When I started to learn how to throw on the wheel, I was very anxious about destroying the small something I just made. Every single creation was so precious to me that at one point I had to stop throwing. I was afraid that if the wheel turned just one more time, and if I tried to pull the cup a little bit higher, I would destroy it. The idea of my first works ruined horrified me. I loved all my pots! I wanted to keep them all.
The result of this fear was that my beginner’s pots were mostly very heavy. The walls were thick and the bottom of the pots seemed to be filled with lead. But I loved them and I kept them all.
When I started to improve in throwing, I became very critical about my work. I remember that at one point I said to myself: ”Hey, you have enough clay to pull this vase higher!” The fear of destroying the pots was replaced with the obsession for thin and light pots.

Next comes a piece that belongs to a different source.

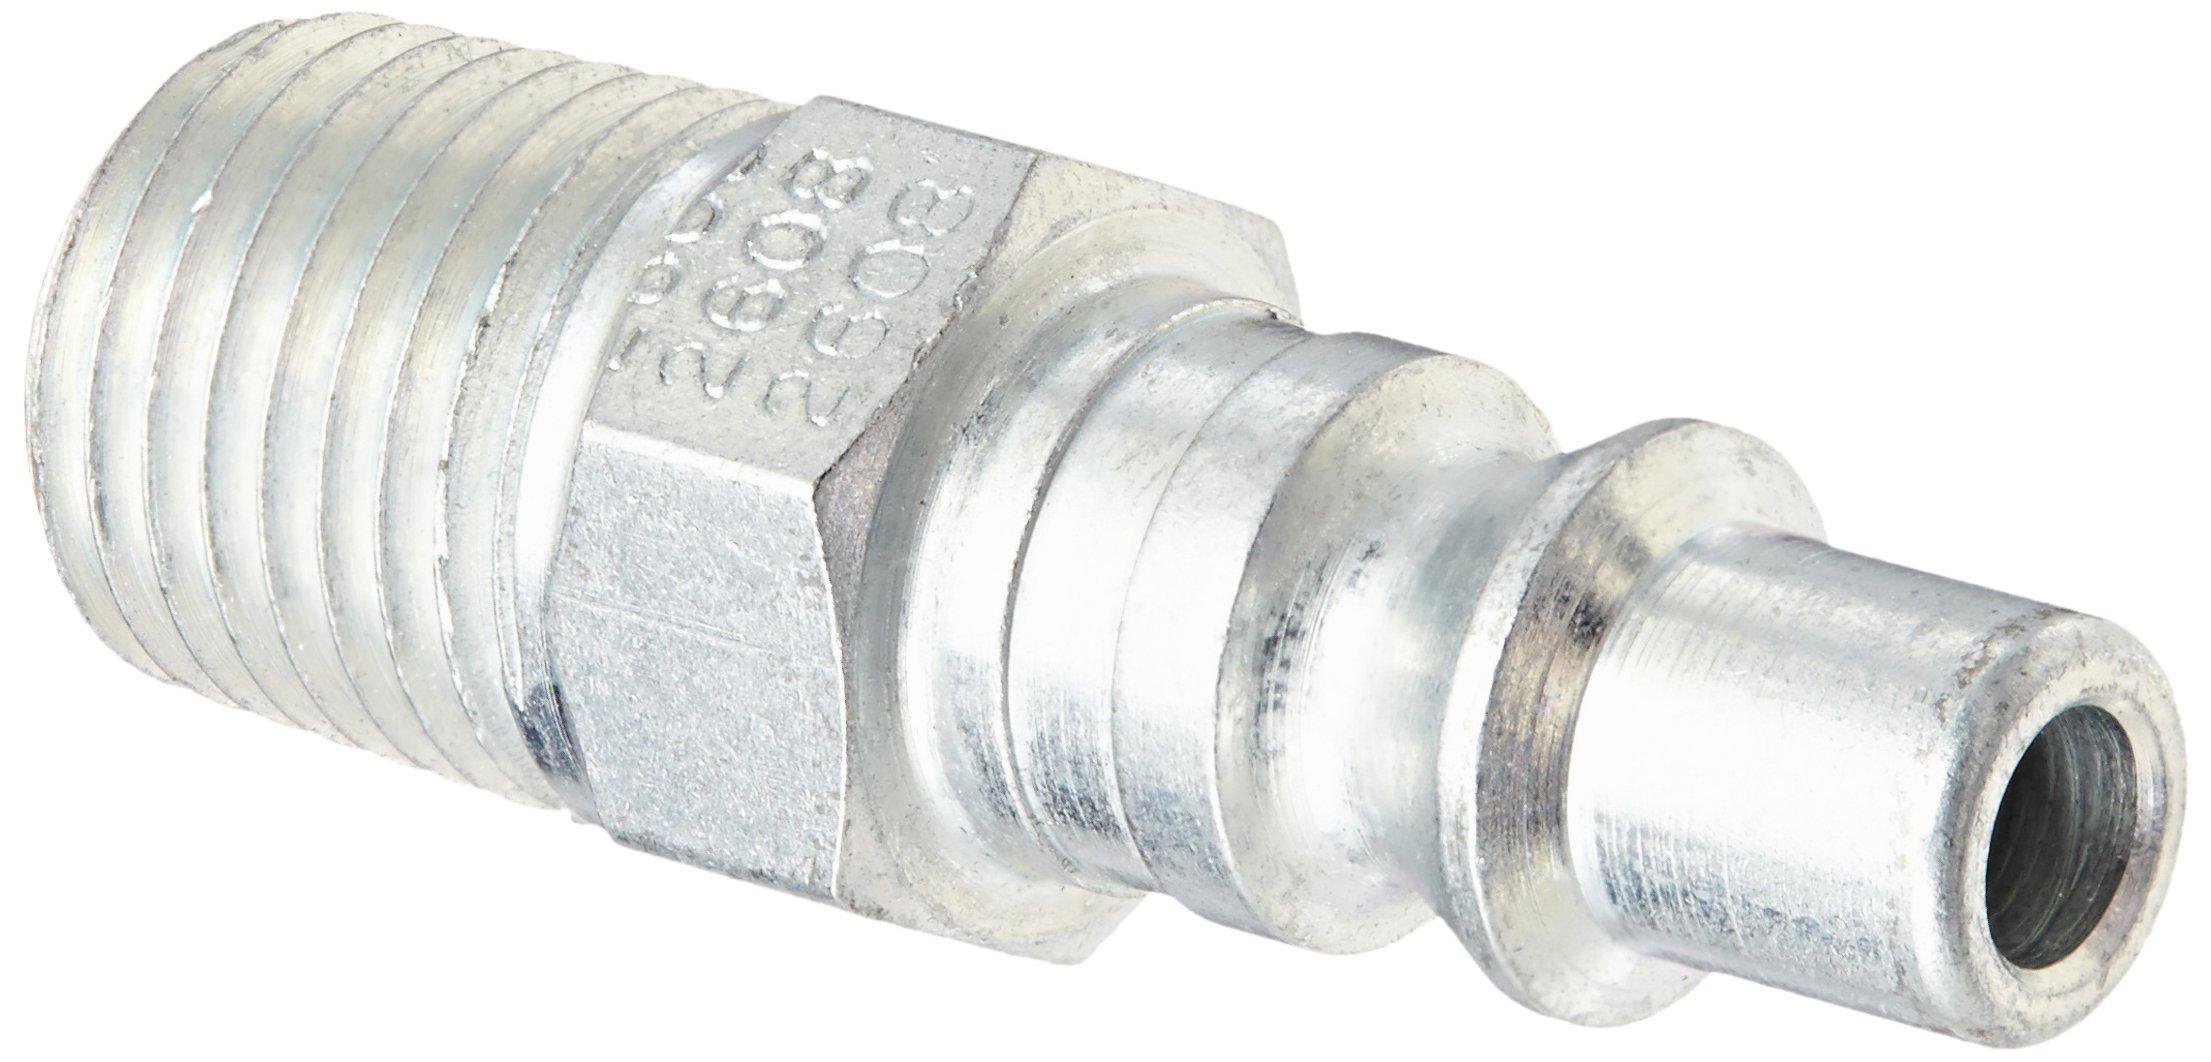 "Eaton Hansen 2608 Steel 210/310 Series ARO Interchange, Coupler Plug, 1/4"" Body Size x 1/4"" NPT Male"

Most of my beginner’s work is now in Croatia at my parents’ place. My mother wanted them all and she still proudly shows them to everyone who visits. (Note: Your mother will always love everything you make.) At first I was so ashamed seeing that entire typical beginner’s work every time I visit. Nowadays I like to observe the progress of my throwing skills.
This mug is the very first piece I made when I moved to Vienna. I attended a course for beginners and wanted to skip the usual program and start throwing on the wheel. The course instructor insisted that I form something with my hands first. So this is my very first clumsy, oddly shaped mug. It is too heavy, with a handle that is too small.
I am not using this mug because it is so impractical – but I like it anyway. Also, I love the dotty glaze effect I got by mixing two ready-made glazes that were offered at the course. Finally, I love this mug because it is a remnant of my overly enthusiastic beginnings and of all the love and passion I have for clay.